Named after a highly fictionalized memoir the twins produced late in their lives, Jensen's story begins with their birth in Brighton, England. The off-spring of a single woman and a married man, the twins were left in the care of a barkeep and midwife who immediately began to display them to bar patrons. After tours in England and Australia, the twins came to America and made it big on the vaudeville circuit. Mercifully for the twins, they were produced as a genuine "act." The sisters were trained to dance, act, and play instruments. Though it was impossible to completely shake off the uncanny impact Daisy and Violet had on viewers, the fact that they were performing artists of no small talent helped elevate their act above the sideshow and make them respectable names on the vaudeville stage. As to twins rose in popularity, their "adoptive caretaker" sold them to a couple how kept the twins as virtual slaves. Fearing that unscheduled public appearances would diminish the twins' draw, they were confined to circus train cars or the vast estate their owners built out of the twins' earnings. All external communications were closely watched. Daisy and Violet were held as prisoners. Ultimately, their owners made a mistake and allowed the twins access to a lawyer. In a celebrated court case that grabbed national headlines, Daisy and Violet were emancipated.

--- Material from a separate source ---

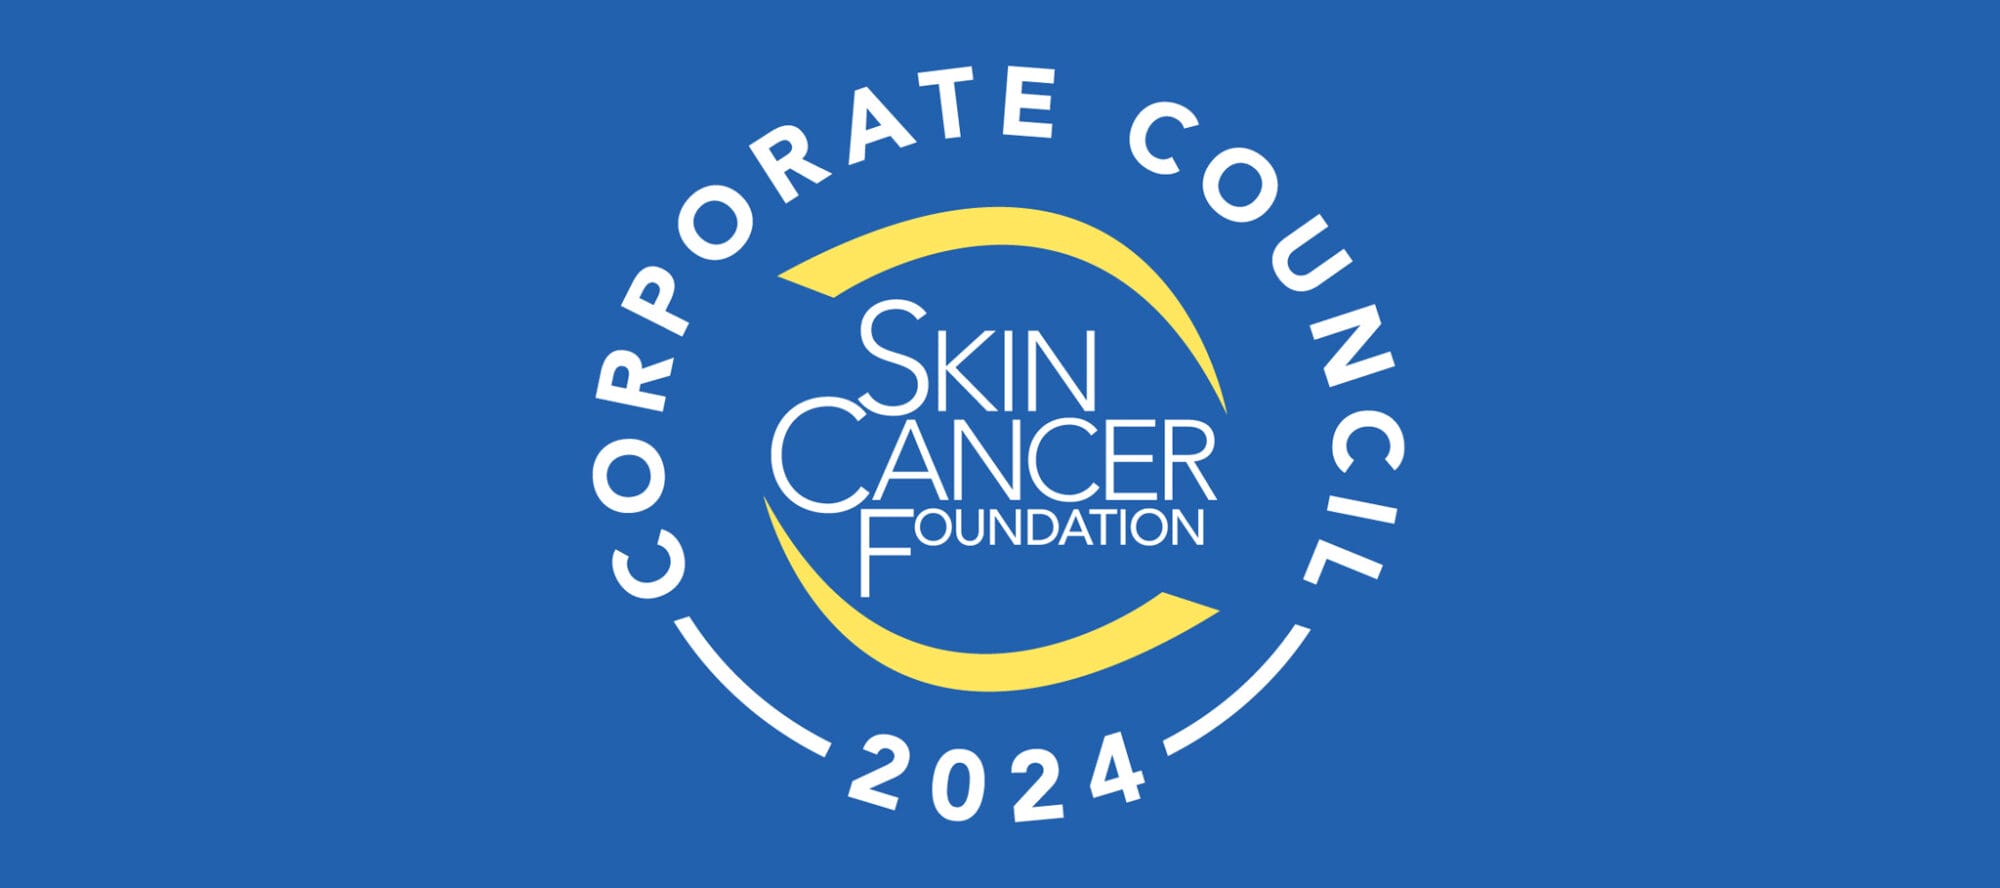 Skin Cancer Foundation Corporate Council

Unfortunately, in many ways, their best years as a box office draw were behind them. Though they still toured and performed, the death of vaudeville and the increasing public distaste of "freak" acts took a heavy toll on the twins' popularity. They appeared in Freaks only to have that film become a legendary bomb. While Daisy and Violet actually agreed with many of the film's critics, the backlash against the film was an indication that their time as performers was passing. They went from lavish vaudeville settings to county fairs. From county fairs to drive-in movie theaters. What little of their fortune was left was blown on producing the truly horrible Chained for Life, a curious z-grade flick that Daisy and Violet delusionally believed would revive their careers. Finally, having squandered their hard-earned fortune and being unable to land gigs, they took a job in a grocery store. They couldn't even keep that gig: the often ill-tempered Violet insulted a customer and they were canned. A local church offered them rent-free housing, and it is in that house that the sisters died. Daisy went first. They think Violet might have held on for a couple of days, refusing to get help, determined to die still connected to her sister.
Jensen's book is a solid, well-researched work. The style is clean and lively in parts, but it never rises to the level of something you'd read for its own sake. Daisy and Violet are the draw here and it is the sheer tragic and frustrating oddity of their story that makes the book compelling. A good read for those interested in the twins, the vaudeville era, or in that strange jewel in the Universal monster-flick crown: Browning's Freaks.
Jensen's book is published by Ten Speed Press and is scheduled for release in November.